14 setembro 2025

Uma crônica de Ruy Castro

A voz de 40 graus de febre
Que homem seria capaz de encarar uma mulher com a voz de Iris Lettieri? Nenhum de nós, mortais
Ruy Castro/Folha de S. Paulo   


Os obituários sobre a locutora Iris Lettieri, morta no dia 28 último aos 84 anos, foram técnicos e profissionais. Informaram que ela morrera de infarto em seu apartamento em Botafogo e que, em 1976, depois de breve carreira como apresentadora de telejornais, fora contratada pela Infraero para anunciar as chegadas e partidas dos aviões no Aeroporto Internacional do Rio. E que, então, se tornara "a voz do Galeão".

É verdade. Mas é pouco. Duas gerações de usuários do Galeão, nacionais e estrangeiros, se apaixonaram por Iris. Na verdade, apaixonaram-se por sua voz, sem saber quem estava por trás dela. E talvez fosse melhor não saber, porque era a voz de uma mulher deslumbrante, imperturbável, inatingível, consciente de seu supremo poder de sedução. Uma voz de febre de 40 graus, como se saísse de um subterrâneo acetinado, em que até as pausas diziam coisas. Que homem seria capaz de encarar essa mulher? Não nós, mortais.

Os sobreviventes dos anos 60 a conheciam dos jornais da TV Tupi e, de óculos, que usava no dia-a-dia, nos anúncios das Óticas Fluminense. Mas poucos ligavam o nome à figura —a mulher da TV não tinha a sua voz, e a voz do aeroporto não tinha rosto nem nome. Nem precisava. Ao ouvir, no Galeão, "Varig... Vôo 276... Para Cuiabá... Embarque... Portão cinco...", queríamos embarcar com ela, para Cuiabá ou para onde fosse.
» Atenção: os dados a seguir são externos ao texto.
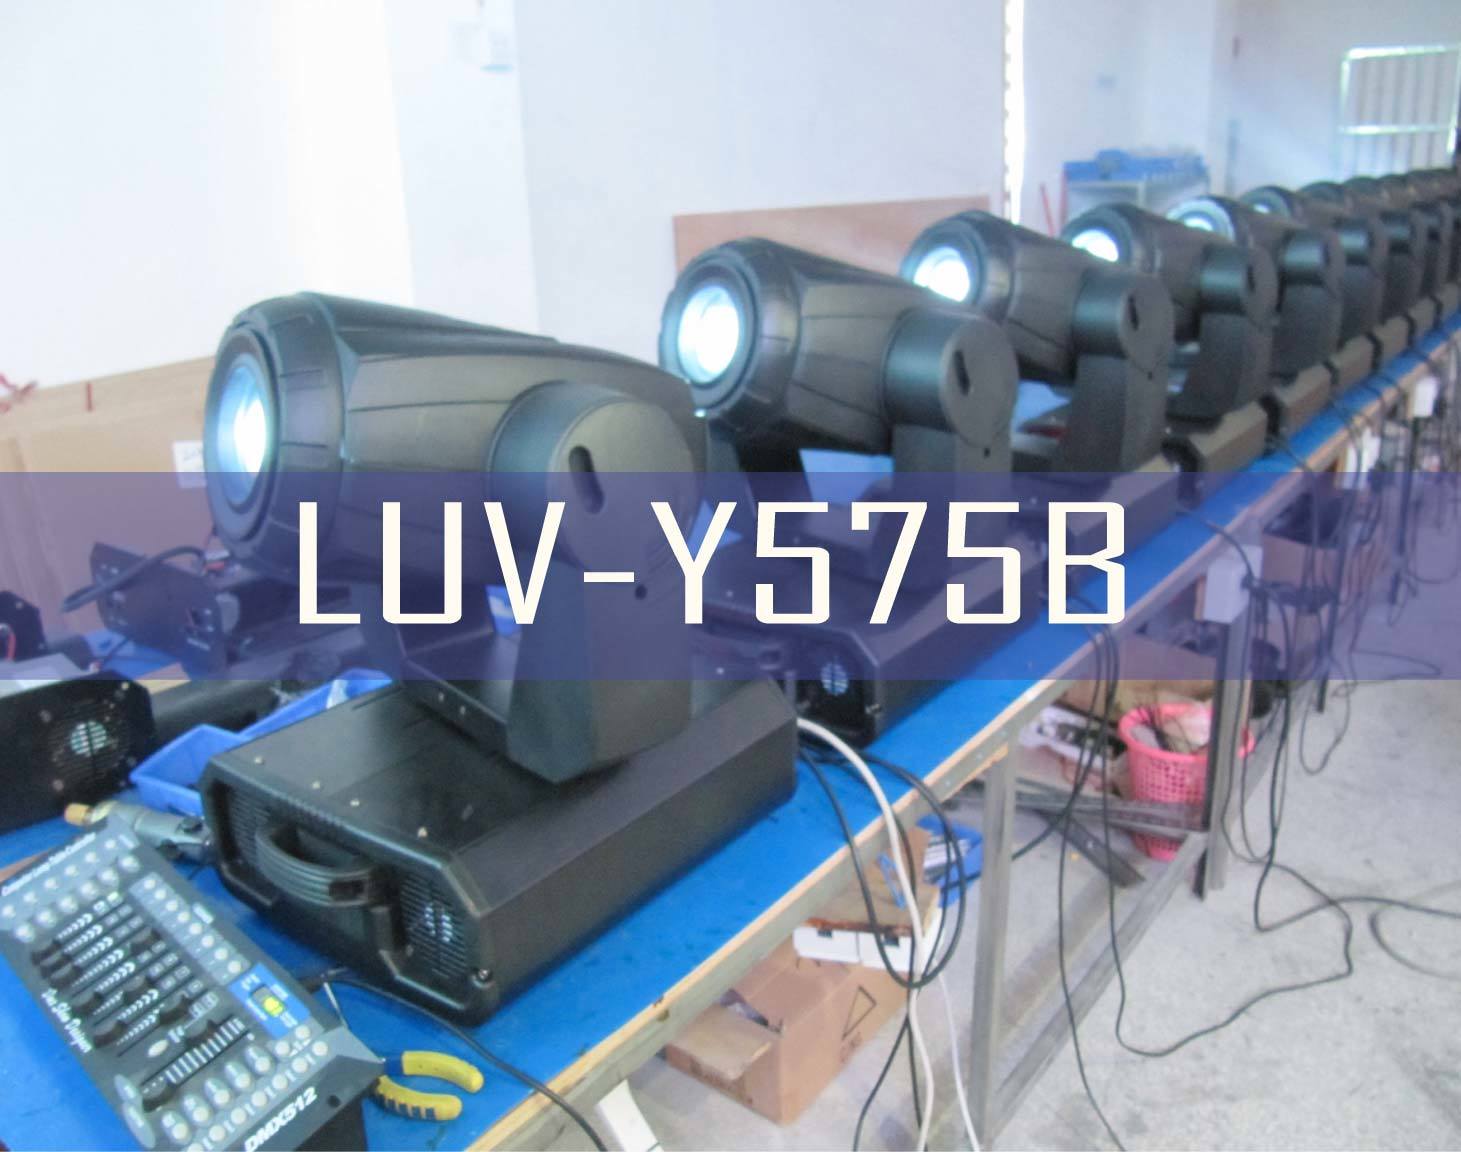 DMX512 Moving Head Light (LUV-Y575B)

Na vida real, Íris era bonita, mas nada que lembrasse a voz do Galeão —mesmo porque, fora do microfone, não a usava. Falava com suave entonação natural, algo mais aguda, e achava graça quando, ao sabê-la de 1,60m, as pessoas não escondiam sua decepção. Parecia até se envaidecer com isso. Era a prova de que, apenas com a voz, virava a cabeça dos homens.

Na única vez em que nos falamos, na loja Modern Sound, explicou-me que sua locução era feita de palavras isoladas, depois rearranjadas eletronicamente para se adaptar aos aeroportos de outras cidades que agora a usavam. Iris não era mais apenas a voz do Galeão. Era a voz do Brasil.